Puncak pengaruhnya terjadi saat diangkat menjadi Kepala Badan Penelitian dan Pengembangan Pendidikan dan Pelatihan Hukum dan Peradilan (Kabadan Litbang Diklat Kumdil) MA pada periode 2017–2022. Jabatan strategis ini menempatkannya sebagai pengasuh dan pembina ribuan hakim di seluruh Indonesia.
Dengan daya tawar dan jaringan relasi yang luas, jangkauan praktik makelar perkaranya kian masif. Uang suap dan gratifikasi dalam pecahan Dolar Singapura, Dolar AS, Euro, Ringgit, hingga Rupiah terus mengalir. Untuk menghindari rekam jejak perbankan, uang tersebut dikonversi dan ditimbun bersama 51 kilogram emas batangan di kediaman pribadinya. Sepanjang era pemerintahan Presiden Joko Widodo, bunker kekayaan hasil kejahatan itu tertata rapi tanpa tersentuh hukum hingga ia memasuki masa pensiun pada 2022.
Tumbang 4 Hari Pasca-Pelantikan Prabowo
Peta penegakan hukum berubah drastis saat transisi kepemimpinan nasional berlangsung pada Oktober 2024. Presiden Prabowo Subianto resmi dilantik pada 20 Oktober 2024 dengan komitmen tegas memberantas korupsi dan membersihkan mafia peradilan.

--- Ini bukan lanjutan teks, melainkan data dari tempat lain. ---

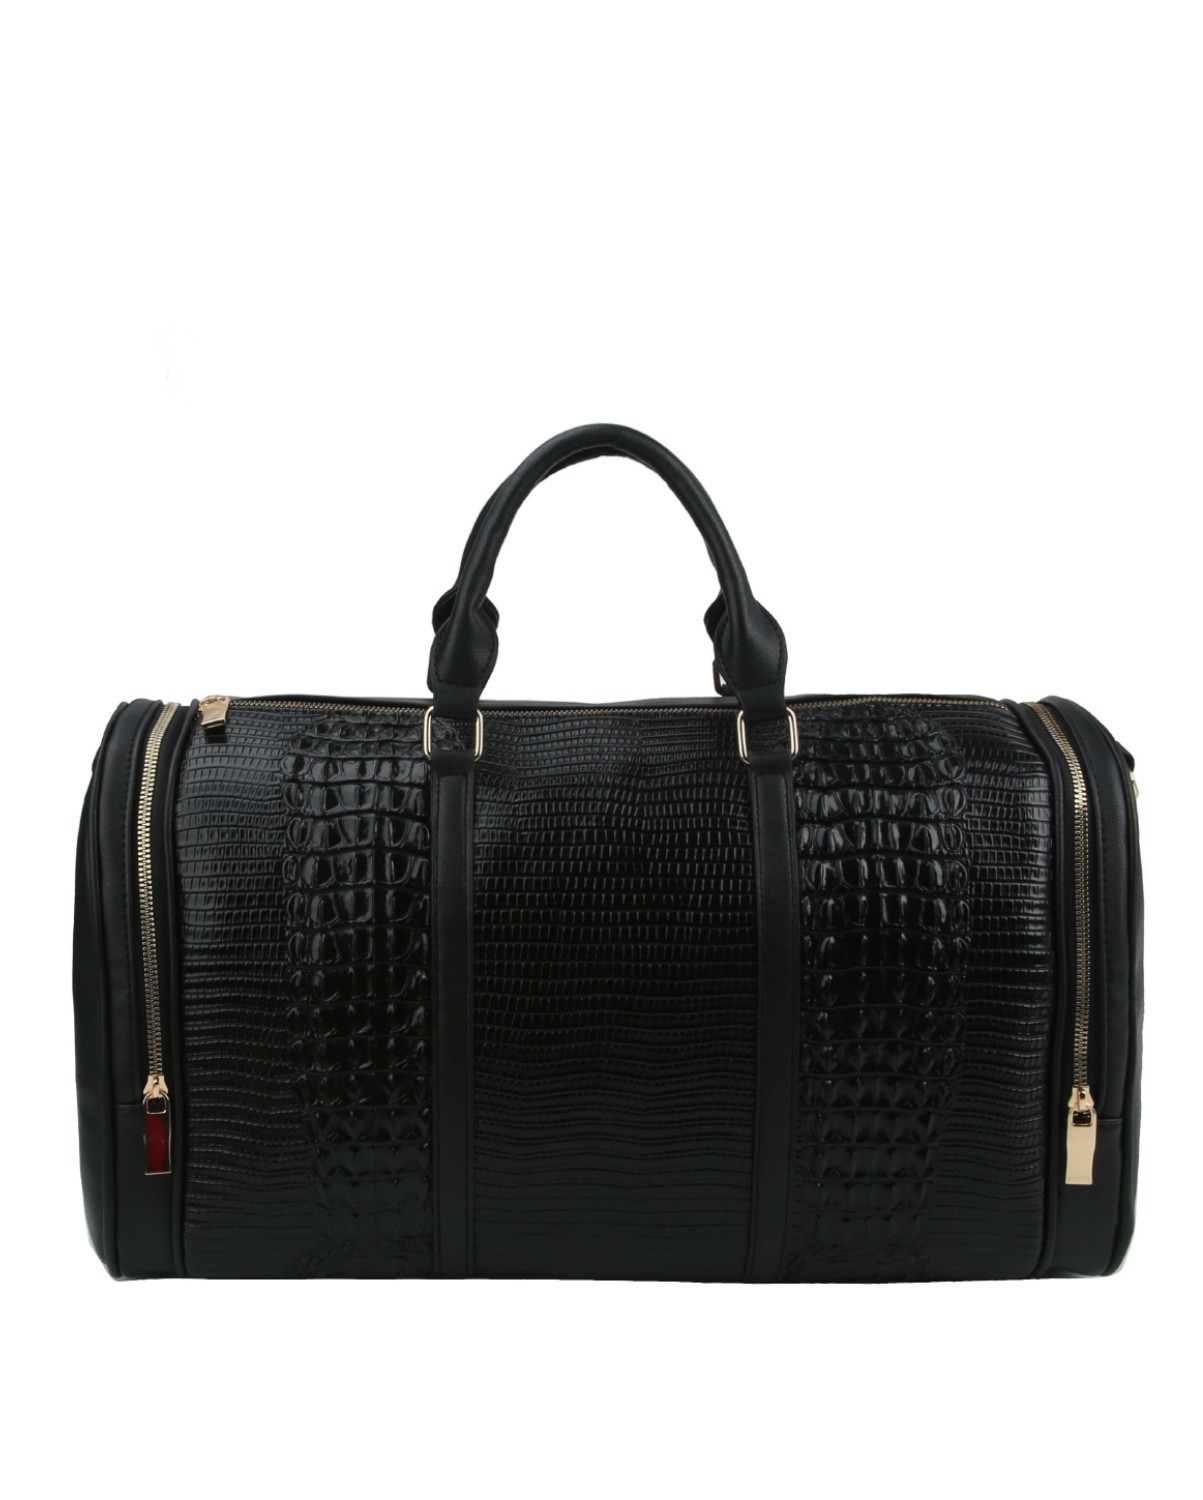 WHOLESALE CROCODILE LIKE BACKPACK > Boutique Handbags > Mezon Handbags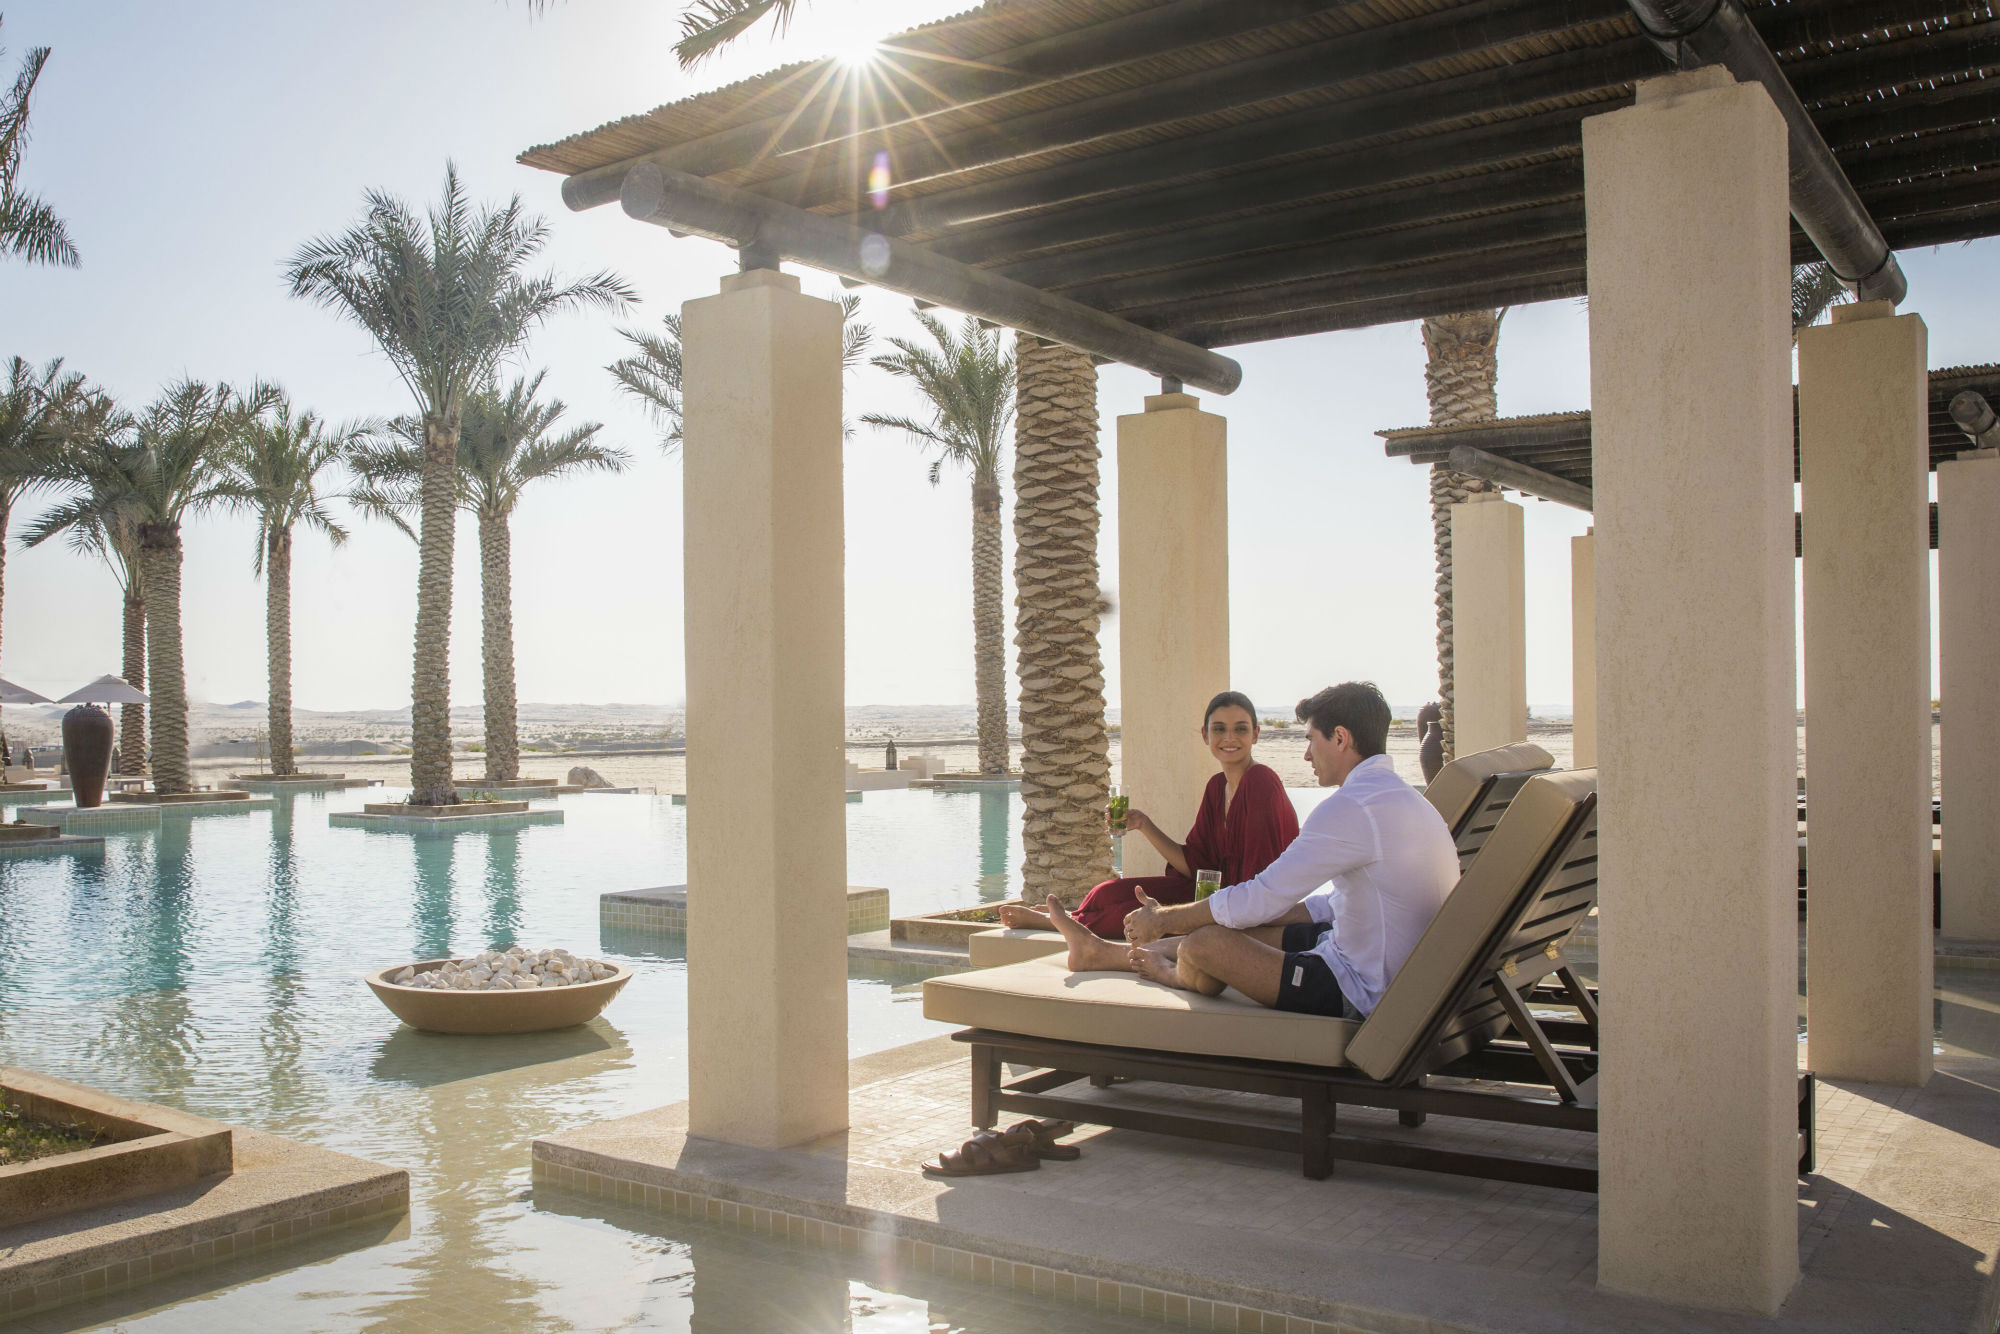 Aande Reviews Jumeirah Al Wathba Desert Resort And Spa In Abu Dhabi Aande Magazine

Hanya berselang empat hari—tepatnya pada 24 Oktober 2024—Kejaksaan Agung bergerak cepat. Pengembangan dari pengusutan kasus suap vonis bebas Ronald Tannur di Surabaya mengarah langsung ke nama Zarof Ricar. Zarof ditangkap di Bali, dan penggeledahan di rumah mewahnya langsung membongkar tumpukan uang tunai senilai Rp920 miliar serta 51 kg emas batangan.
Vonis 18 Tahun dan Perampasan Aset untuk Negara
Proses peradilan terhadap Zarof Ricar berjalan tanpa kompromi hingga memperoleh kekuatan hukum tetap (inkrah):
* Pengadilan Negeri Tipikor (Juni 2025): Dijatuhi hukuman awal 16 tahun penjara dan denda Rp1 miliar.
* Pengadilan Tinggi DKI Jakarta (Juli 2025): Hakim memperberat hukuman menjadi 18 tahun penjara.
* Kasasi Mahkamah Agung (November 2025): MA menolak permohonan kasasi Zarof. Vonis 18 tahun penjara resmi inkrah.
Seluruh barang bukti berupa uang tunai bernilai hampir Rp1 triliun dan 51 kg emas batangan dinyatakan dirampas untuk negara. Penyidikan pun terus dikembangkan ke Tindak Pidana Pencucian Uang (TPPU) guna mengusut pihak-pihak yang membantu menyembunyikan aset hasil kejahatan tersebut.
Tumbangnya Zarof Ricar menjadi catatan penting penegakan hukum: praktik korupsi terselubung yang tertimbun rapat selama sepuluh tahun akhirnya berhasil dibongkar dan ditindak tegas di awal era pemerintahan baru.